| Exercise directions |
Although the data holds pictures, return only the lines from the one containing "RBT-1 – Automatic Breading Table – Standard" to the end, exactly, and without them.

____ Available data

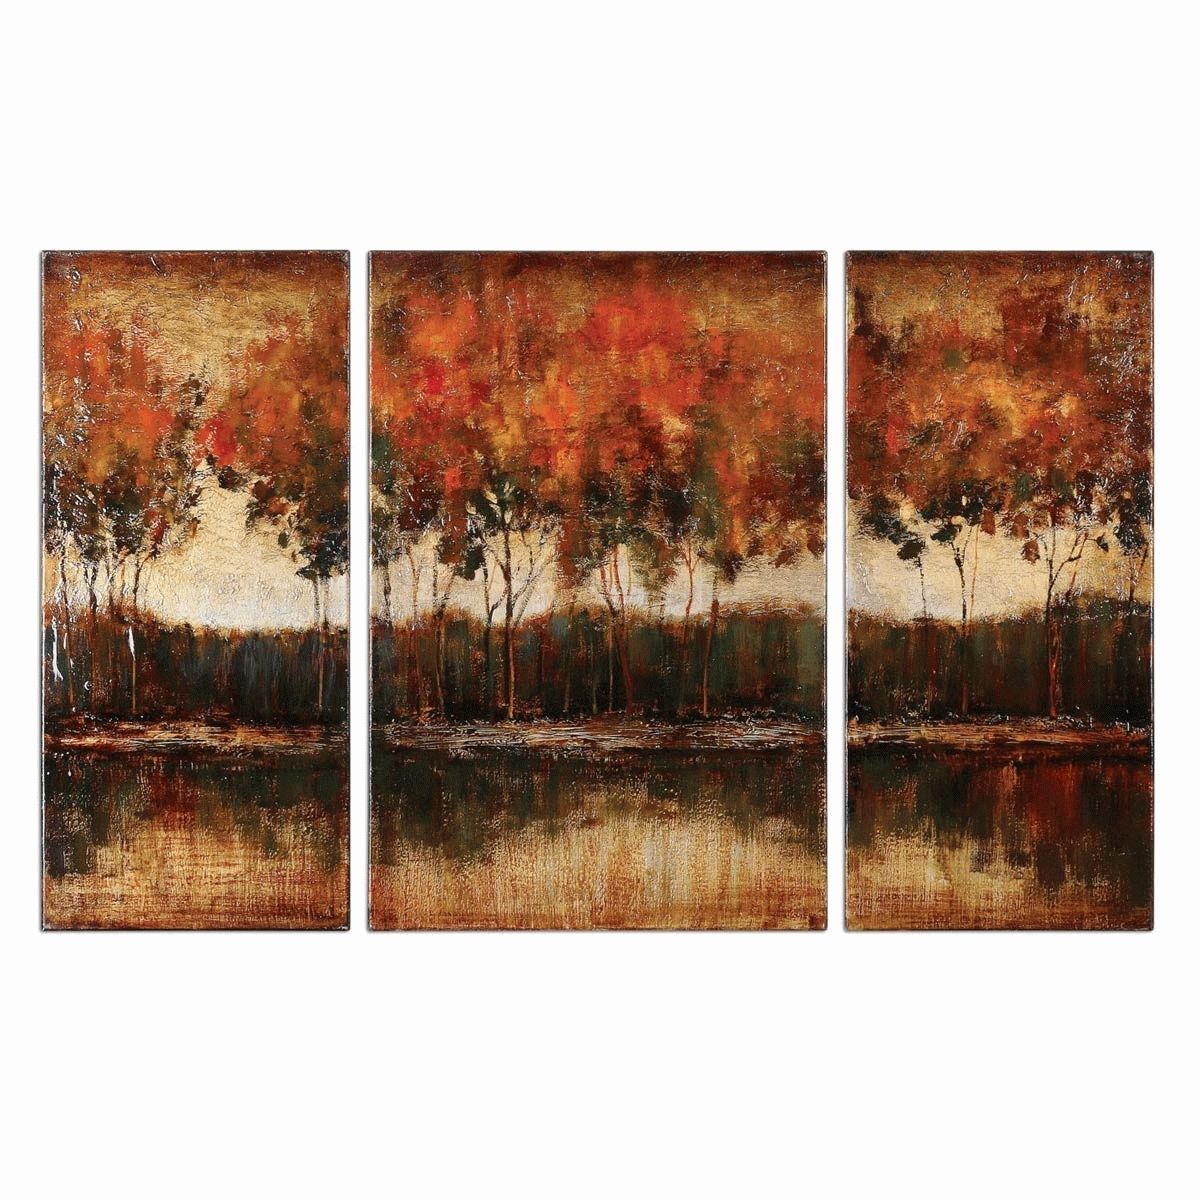 Trilakes Canvas Wall Art – Set Of 3 With Regard To Most Recent Canvas Wall Art Sets Of  (View 1 of 25)
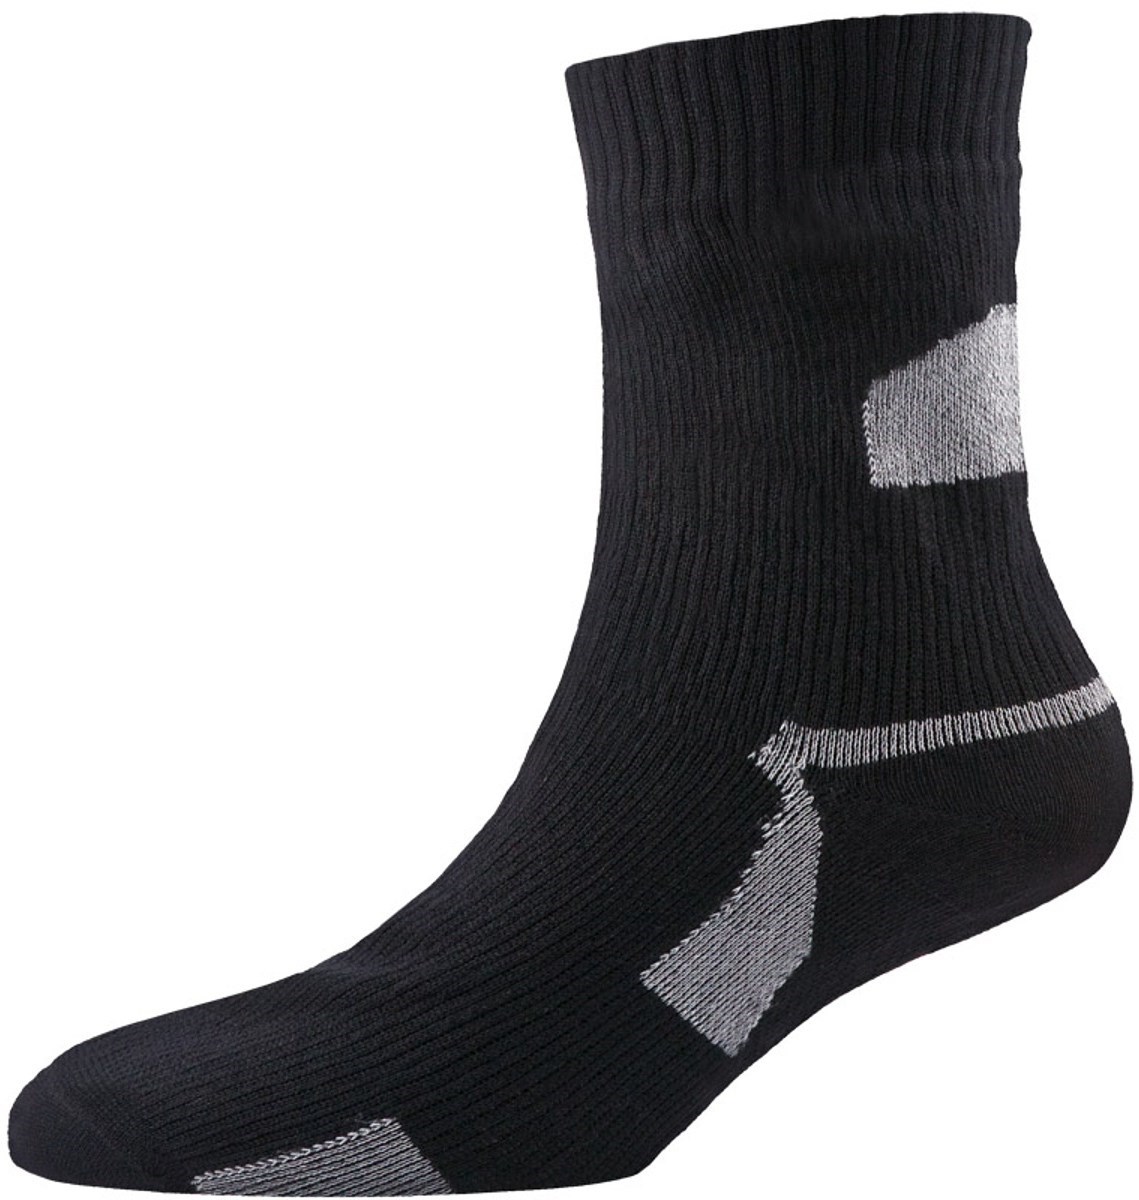 Sealskinz Waterproof Thin Ankle Length Sock product image
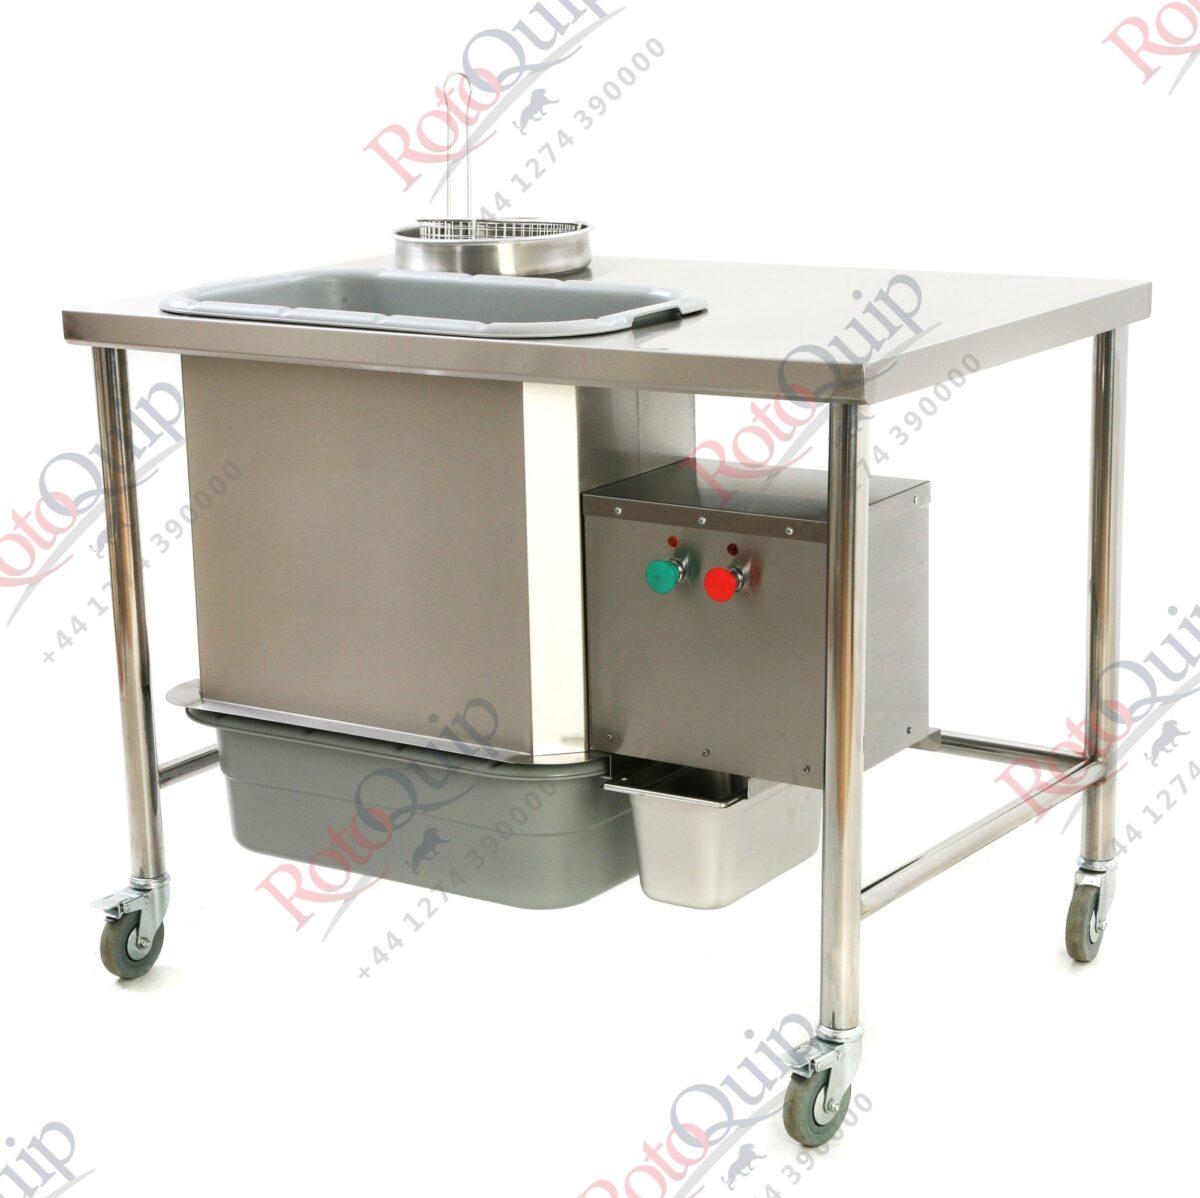 RBT-1 – Automatic Breading Table – Standard
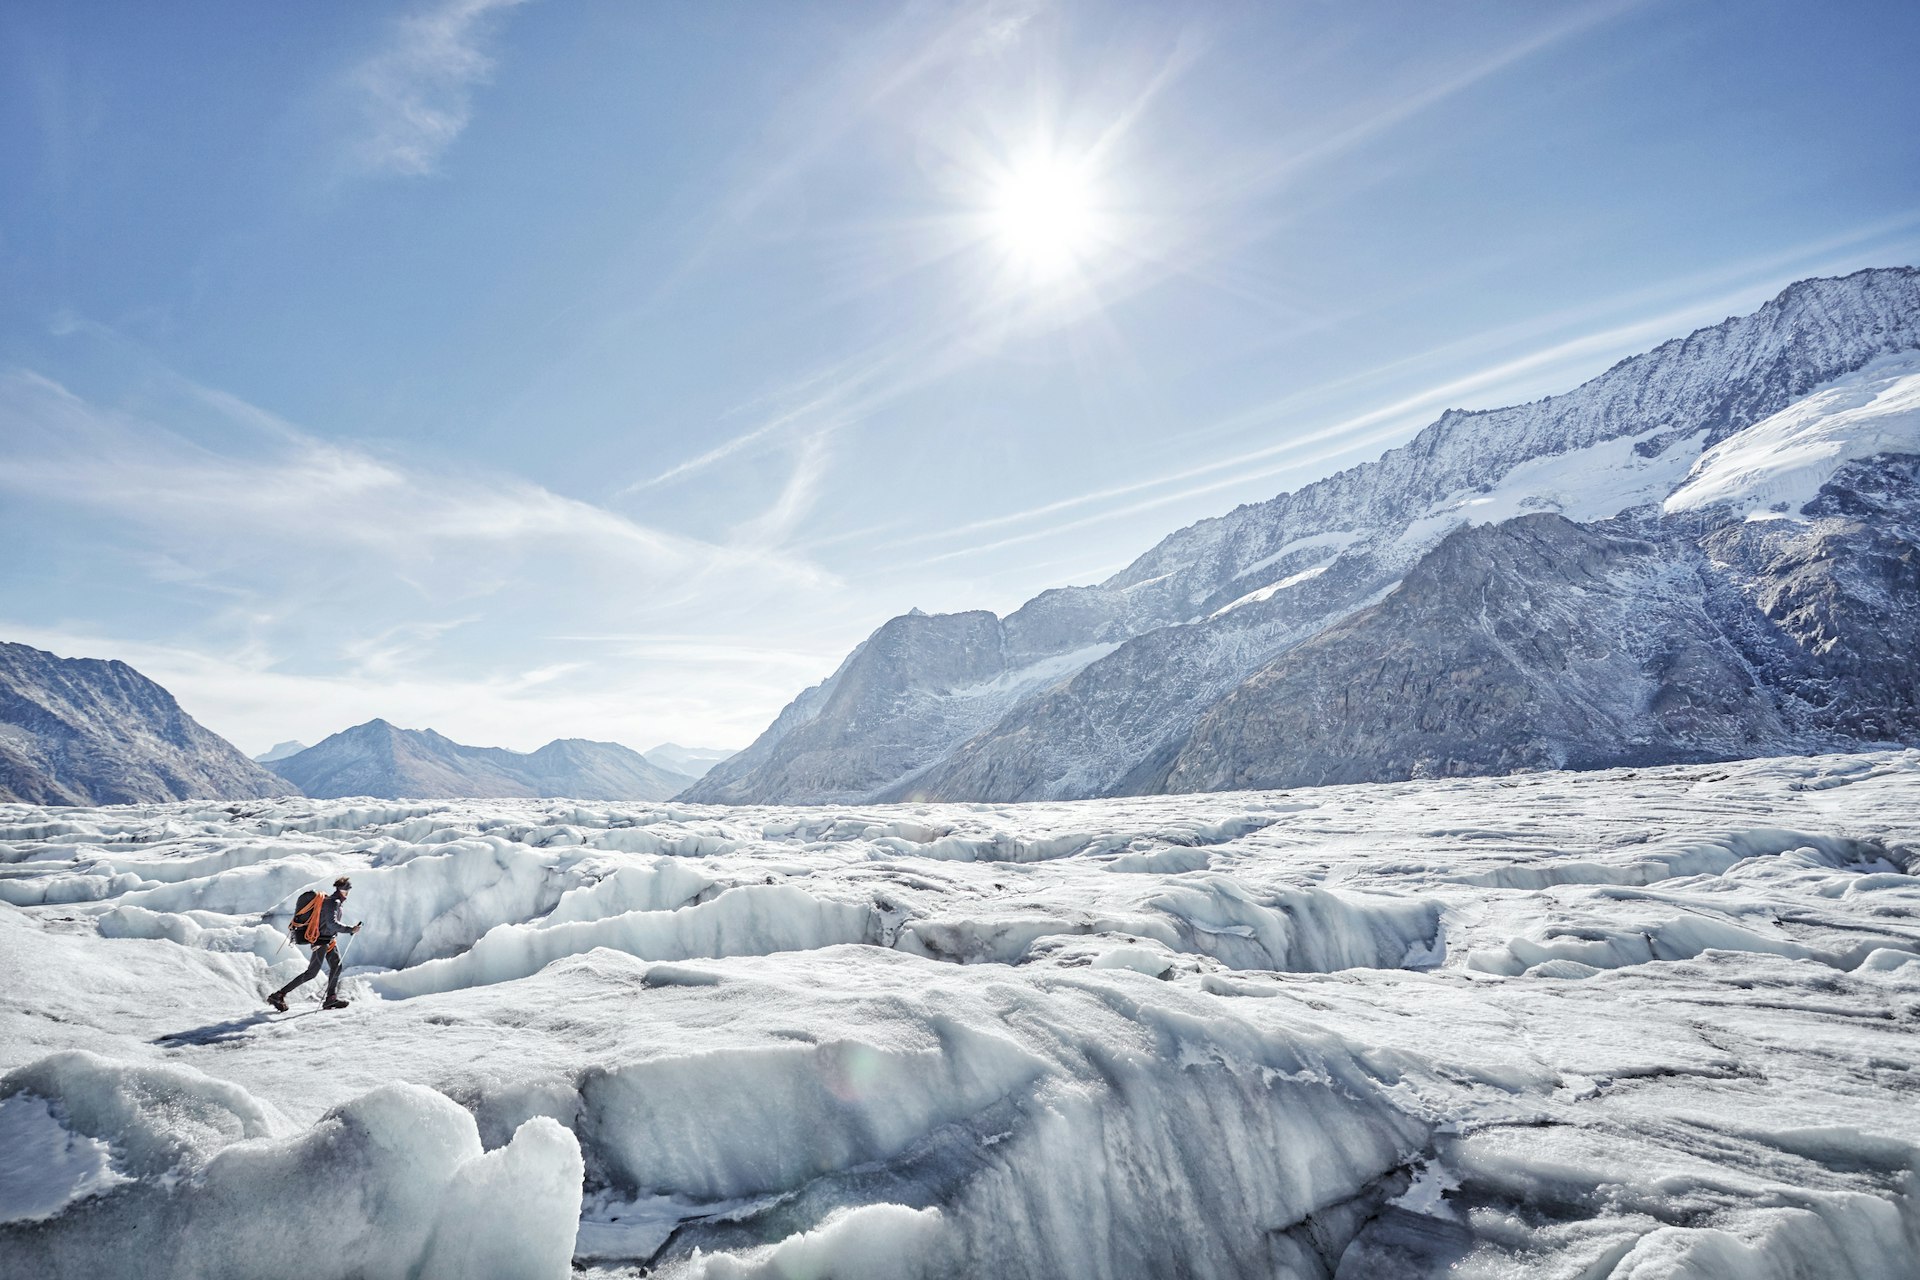 A person hikes on a vast glacier as the sun shines down

________

| Solved problem |
 RBT-1 – Automatic Breading Table – Standard
 A person hikes on a vast glacier as the sun shines down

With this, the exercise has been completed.